The Newfoundland Furniture Factory made furniture comparable to the better grades of furniture manufactured in factories on the North American mainland and in Great Britain as one bedroom dresser (plate 5) attests. The dresser is made from walnut and has a marble top. Construction details such as the hand cut dovetail joints in the drawers indicate competent and careful workmanship. A label on the back of this imposing item reads: "Newfoundland Furniture & Moulding Co. Show Rooms - Duckworth Street Steam Factory - Forest Road". The date, Sept. 1887, is written on the underside of the marble top.
By the turn of the twentieth century there were more than a dozen furniture making businesses operating in the more populated areas of Newfoundland. These included cabinet making/upholstery enterprises and factories employing form only one to a dozen or more men. The furniture they produced ranged widely from expensive high quality items crafted from fine imported woods to cheap mass-produced goods improvised from locally available materials.

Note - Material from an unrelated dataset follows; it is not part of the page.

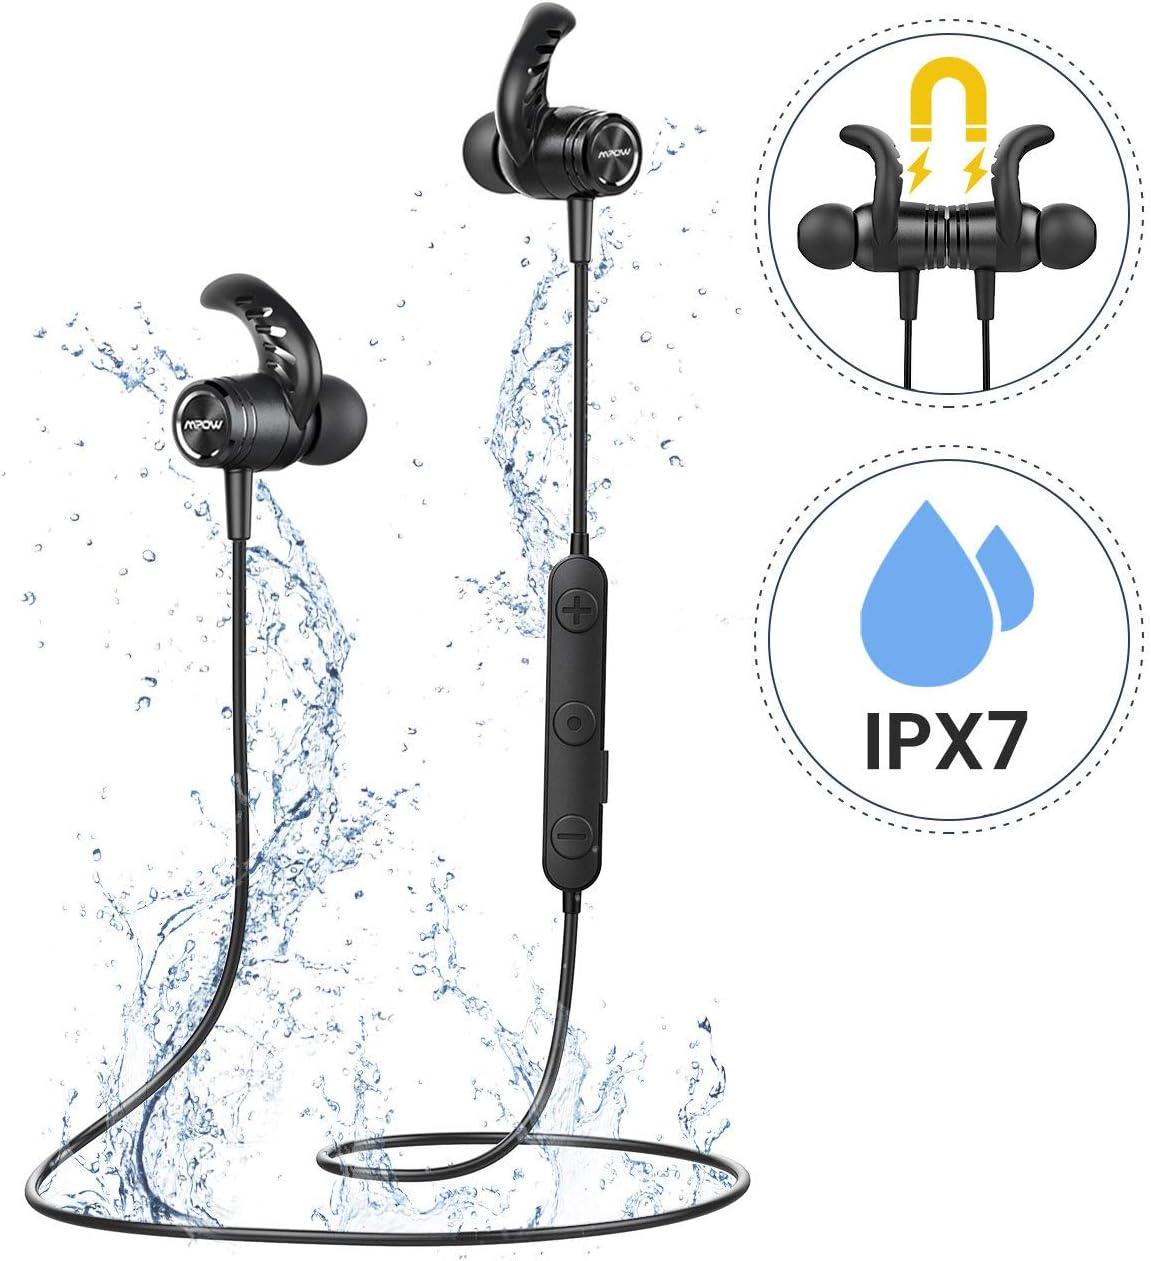 Mpow Auriculares Bluetooth 5.0, S10 IPX7 Deportivos Inalámbrico Magnético In Ear Estéreo CVC 6.0 Micrófono con Cancelación de Ruido para Deportes, Oficina en Casa, Trabajo para iPhone Android

Furniture factories reached their peak activity early in the twentieth century but then began to decline. Their diminution may reflect increased competition from factories on the North American mainland. The dropping of tariffs on Canadian furniture after Newfoundland joined Canada in 1949 undoubtedly contributed to their ultimate demise. Cabinet making and upholstering shops which may have offered more highly priced custom made cabinetwares presumably began to decline much earlier due to the steadily increasing competition from local and mainland factories. Cabinet making shops had at least one advantage over the larger factories, however. When competition for new furniture was great, unlike a large factory, a small cabinet making and upholstering business might survive doing repair work, refinishing and re-upholstering.